Yesterday, we picked up Dan Gross’ challenge as to what other sectors the Housing slowdown was making its impact felt.

Our experiment in “Crowd-Sourcing” worked out well – you contributed scores of suggestions based on observed data, both public and private.

Here’s a list of your observed sector impacts as they relate to the Housing slowdown:

RV Sales: a lot of the people who were buying $100,000 RV’s were taking the money out of their house to do it. No longer

Thoroughbred horse auctions: have seen their gross and median prices decline in California, Maryland, Florida and Kentucky.

Convention Centers: As RV and Boat sales slow, the RE industry, the construction suppliers, and boating mfrs will have less need for the big convention spaces.

Lawnmower mfrs:  Toro said its Q1 sales
rose 29%, while Briggs & Stratton said the drop in sales was mainly
due to lower sales volumes of lawn and garden equipment and portable
generators, and lower unit shipments of engines. One explanation: As
homeowners get hit with ARM resets, they are dropping that lawn service
and doing it them selves.

Outdoor Power Equipment and the small-engine manufacturers: They are paradoxically doing fine, but probably for the same reasons.

Contractors: tradesman are much more available now, as they have experienced a slowdown in both construction AND remodeling projects.

Condo/Homeowners’ Associations:  Many condo owners could face special assessments, as some owners to walk away from loans they can’t afford. That presents a problem for deferred maintenance issues and unfunded reserves.

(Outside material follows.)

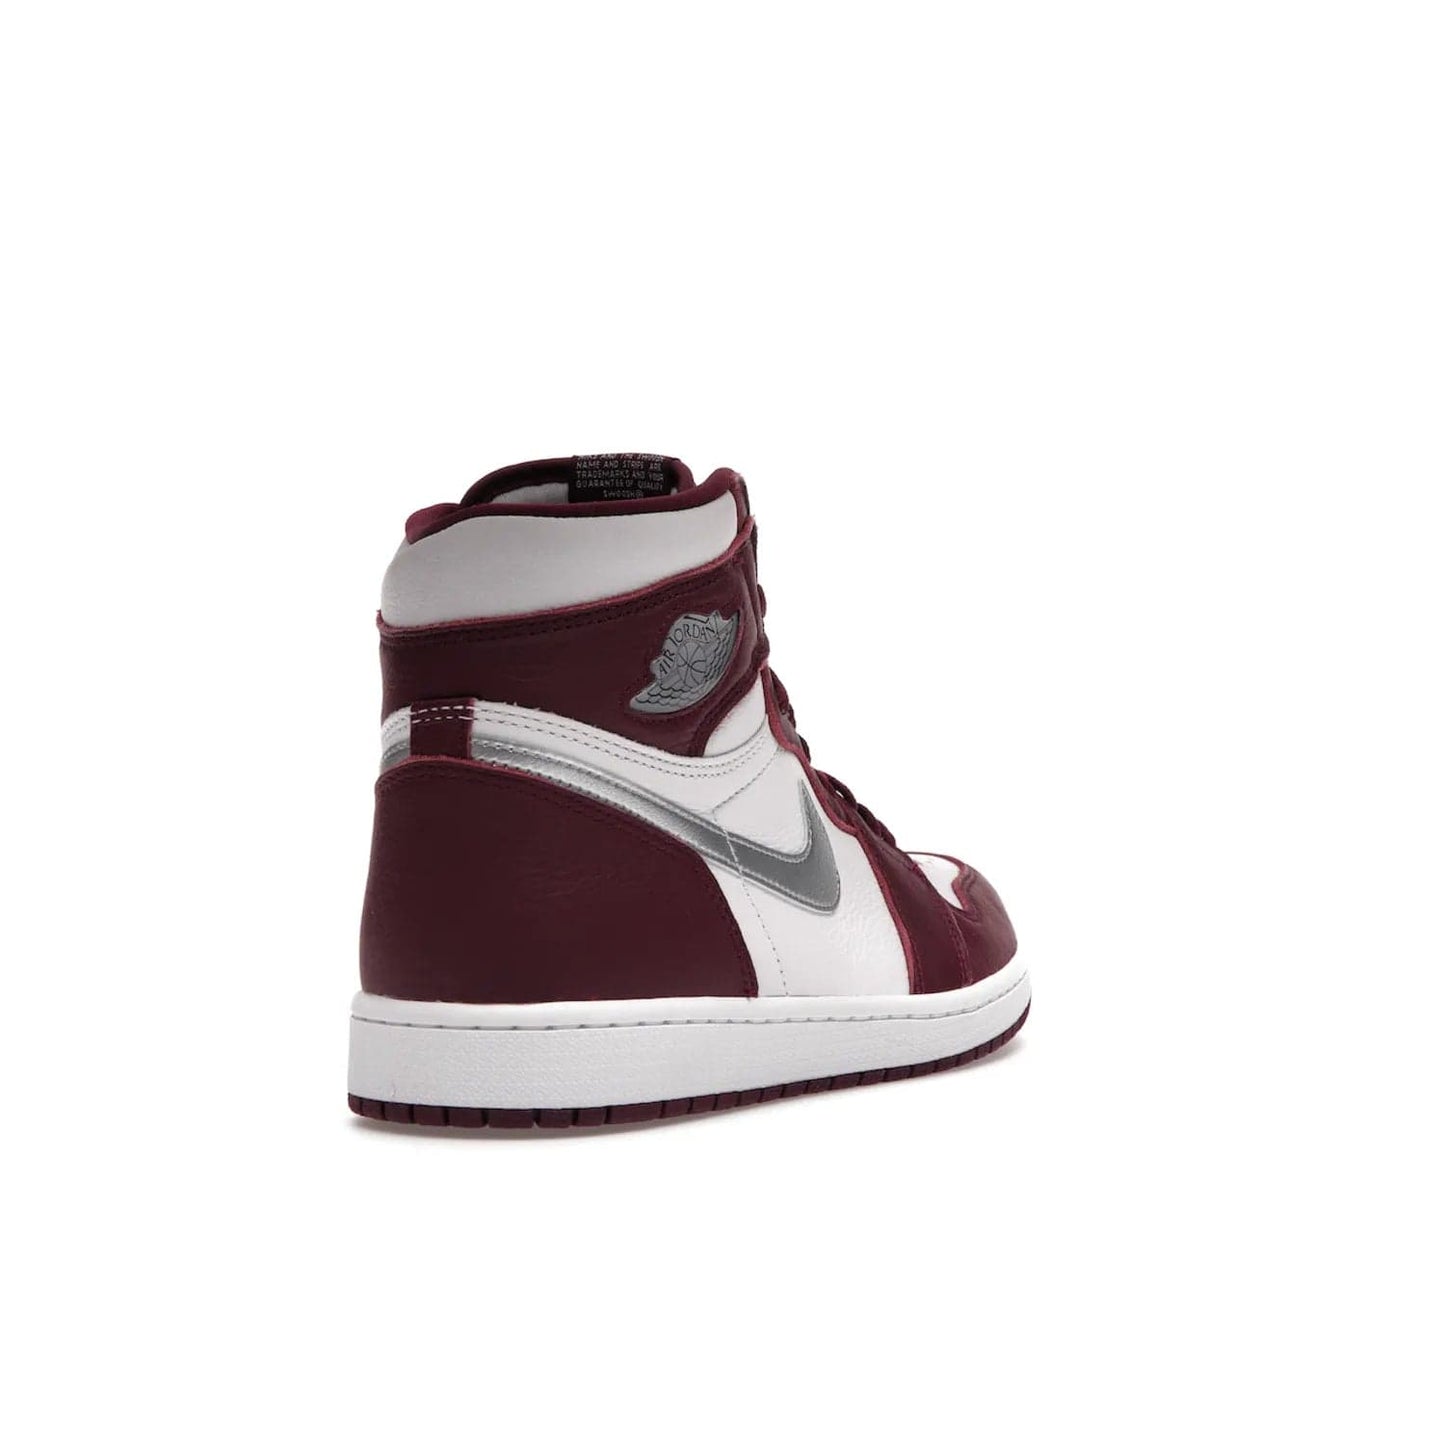 Jordan 1 Retro High OG Bordeaux - Image 31 - Only at www.BallersClubKickz.com - Shop the classic Air Jordan 1 High Bordeaux with a modern high-top cut. The timeless Bordeaux and White-Metallic Silver colorway, releasing Nov 20, 2021, is perfect for practice or a night out.

Furniture companies: all hurting. STLY, HOFT, FBN, ETH. They are getting the double whammy…lower sales and they can’t compete with overseas companies. (ETH did just say yesterday that they see signs of the consumer making a comeback)

State property and sales tax receipts: They are reported down in many states even as government stats say sales are strong. (I’m sure many states are now looking at the decrease in remittances to Mexico and Central America and adding up the taxes they SHOULD have collected from homebuilding labor).  Property taxes keep rising nearly everywhere, even as house prices are falling  Despite the housing downturn, the market value of millions of homes still exceeds their assessed value. According to the USA Today, all but five states limit how quickly property taxes can rise.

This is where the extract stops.